How to code Differentiation in JAX with Simple Examples

JAX is a Python library for accelerated linear algebra, primarily designed for efficient and high-performance neural networks training and differential programming. This guide will walk you through simple examples of differentiation in JAX using basic Python and high school calculus concepts. This will help you to code differentiation in JAX

 What Makes JAX Special?

JAX shares the same interface as NumPy, making it familiar to NumPy users. However, JAX offers significant advantages because it can use accelerators such as GPUs and TPUs to parallelize computations, while NumPy relies solely on CPU processing JAX doesn't just distribute linear algebra calculations across the numerous cores in GPUs—it can also leverage multiple TPUs simultaneously by distributing work across multiple devices, allowing for extremely fast and efficient computations Getting Started with JAX

First, install JAX and import the necessary functions:

pip install jax

import jax.numpy as jnp
from jax import grad

Differentiating a Simple Linear Function

Let's start with a straightforward example: differentiating f(x) = 2x, which should give us 2.

def f1(x):
    return 2 * x

df1 = grad(f1)  # Create the derivative function
x = 1.0
print(float(df1(x)))  # Output: 2.0

No matter what value of x you input, the gradient will always be 2.0:

x = 2.0
print(float(df1(x)))  # 2.0
x = 3.0
print(float(df1(x)))  # 2.0

Note: JAX requires floating-point inputs rather than integers to avoid TypeError exceptions.

Differentiating a Quadratic Function

Let's try a quadratic equation: f(x) = x² + 5x + 10

def f2(x):
    return x ** 2 + 5 * x + 10

df2 = grad(f2)

x = 2.0
print(float(df2(x)))  # 9.0 (= 2*2 + 5)
x = 3.0
print(float(df2(x)))  # 11.0 (= 2*3 + 5)

Higher Derivatives Made Easy

Calculating second or higher derivatives in JAX is as simple as applying grad() multiple times:

def f2(x):
    return x ** 2 + 5 * x + 10

df2 = grad(f2)         # First derivative: 2x + 5
d2_f2 = grad(df2)      # Second derivative: 2

x = 2.0
print(float(d2_f2(x)))  # 2.0

This stacking capability means you can use expressions like grad(grad(grad(f(x)))) to obtain higher-order derivatives as needed.
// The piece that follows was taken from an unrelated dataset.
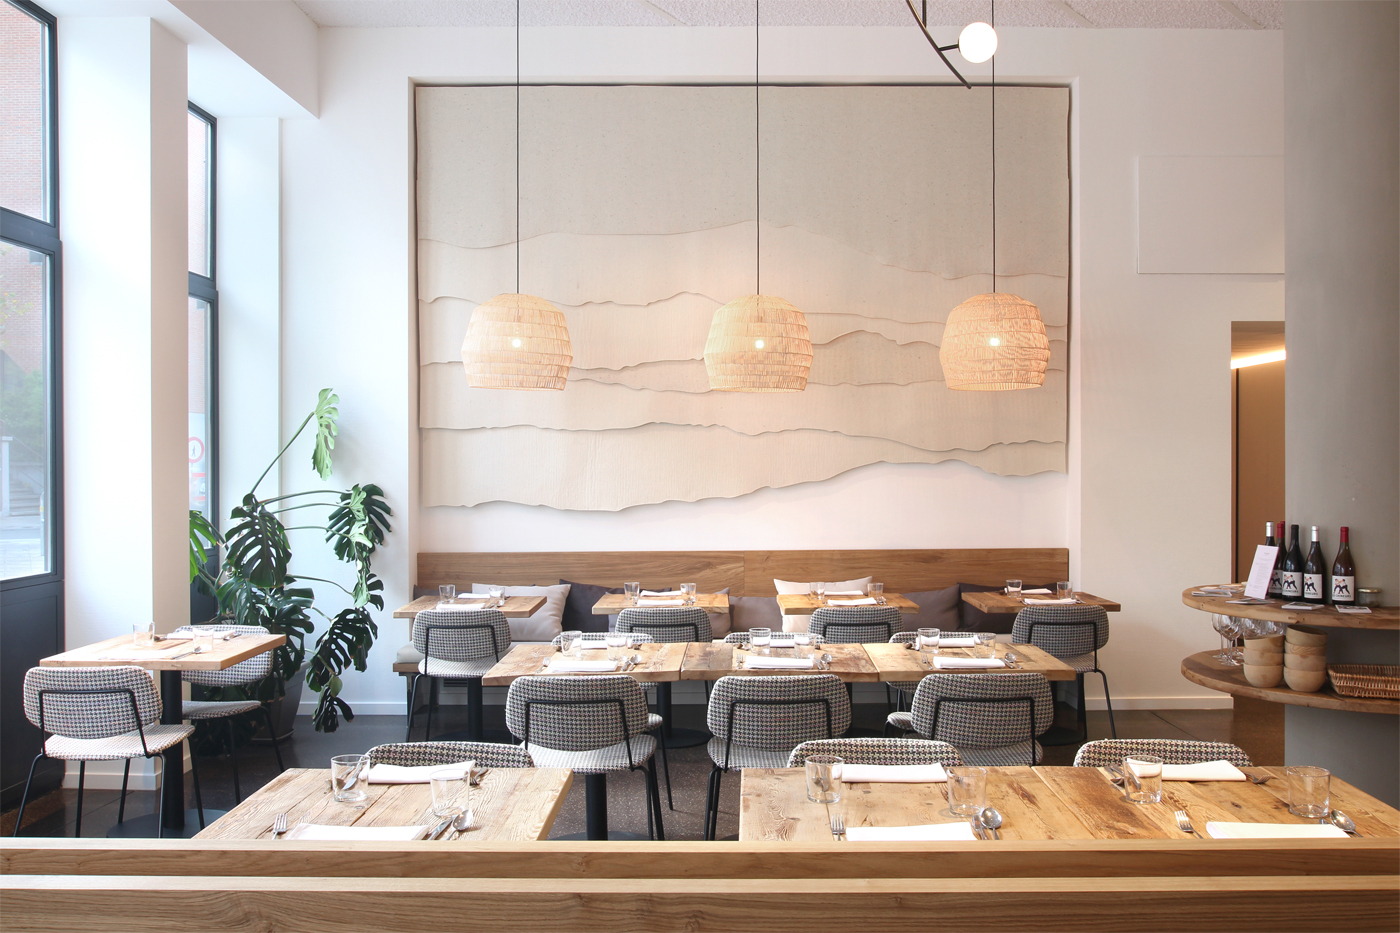 Tero brussels 39 kitchen for Interior design keywords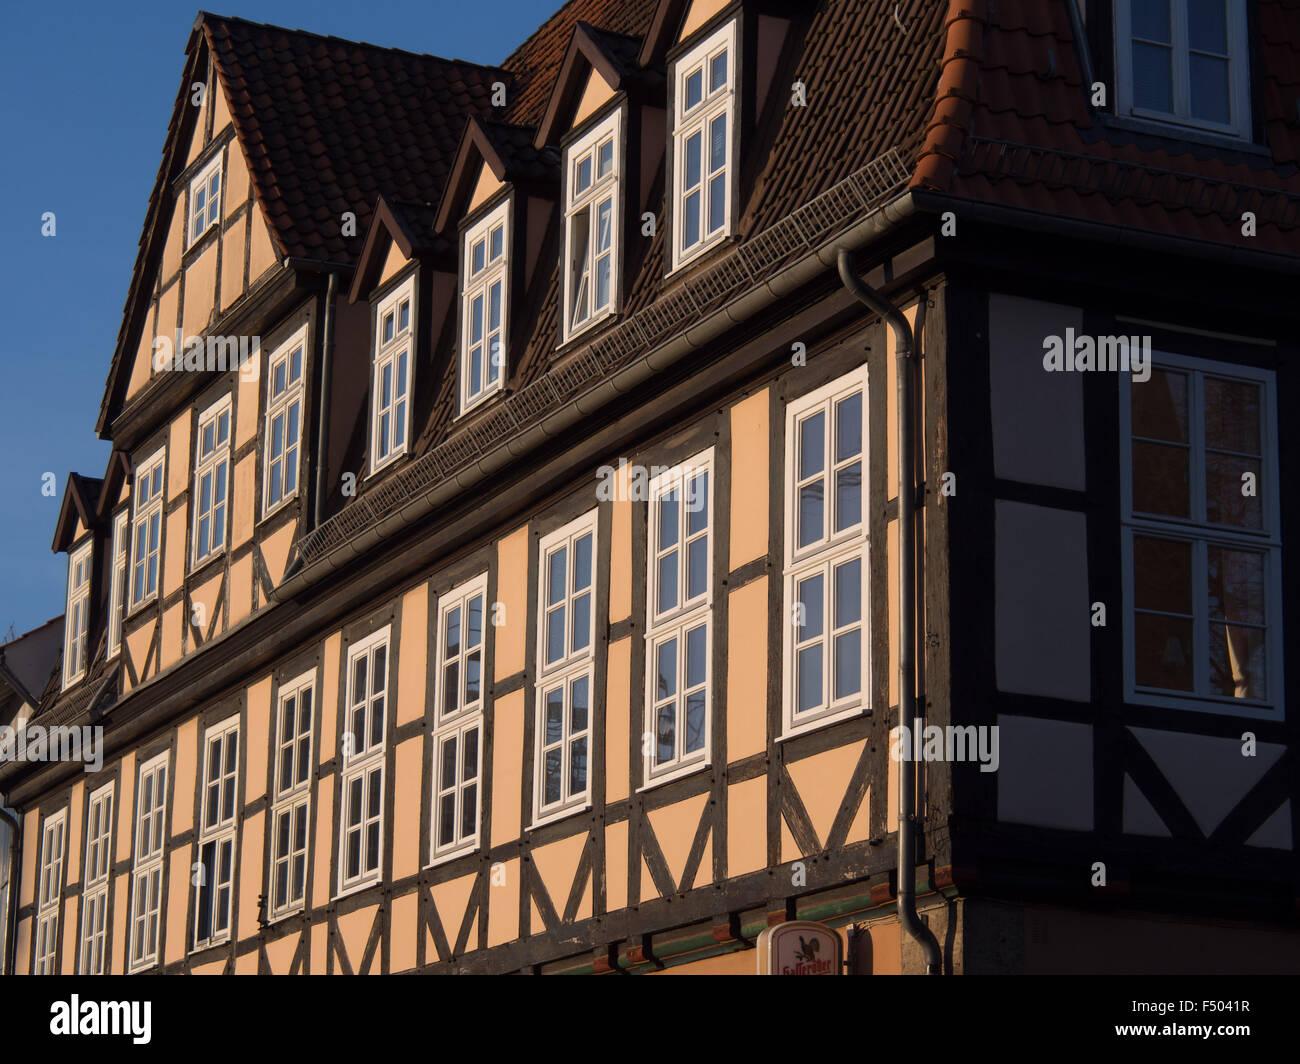 Traditional German architecture in Hanover, Deutschland - Stock Image

Differentiating the Sigmoid Function

The sigmoid function is commonly used in neural networks and is more complex to differentiate manually:

def sigmoid(x):
    return 1 / (1 + jnp.exp(-x))

d_sig = grad(sigmoid)

x = 2.0
print(float(d_sig(x)))  # Approximately 0.105

Differentiating ReLU

ReLU (Rectified Linear Unit) is another popular activation function in neural networks. JAX can differentiate through conditional statements like if-else:

def ReLU(x):
    if x >= 0:
        return x
    else:
        return 0.0

d_ReLU = grad(ReLU)

print(float(d_ReLU(1.0)))   # 1.0
print(float(d_ReLU(2.0)))   # 1.0
print(float(d_ReLU(-1.0)))  # 0.0

Partial Differentiation in JAX

JAX also handles partial derivatives for multivariate functions. For f(x, y) = x² + y² + 5xy:

def f5(x, y):
    return x**2 + y**2 + 5 * x * y

# Partial derivative with respect to x
df5_dx = grad(f5, argnums=0)
# Partial derivative with respect to y
df5_dy = grad(f5, argnums=1)

x = 2.0
y = 1.0
print(float(df5_dx(x, y)))  # 2x + 5y = 2*2 + 5*1 = 9.0
print(float(df5_dy(x, y)))  # 2y + 5x = 2*1 + 5*2 = 12.0

Conclusion

This introduction provides a foundation for understanding JAX's differentiation capabilities. With these basics, you can now explore more advanced auto-differentiation features in JAX's documentation.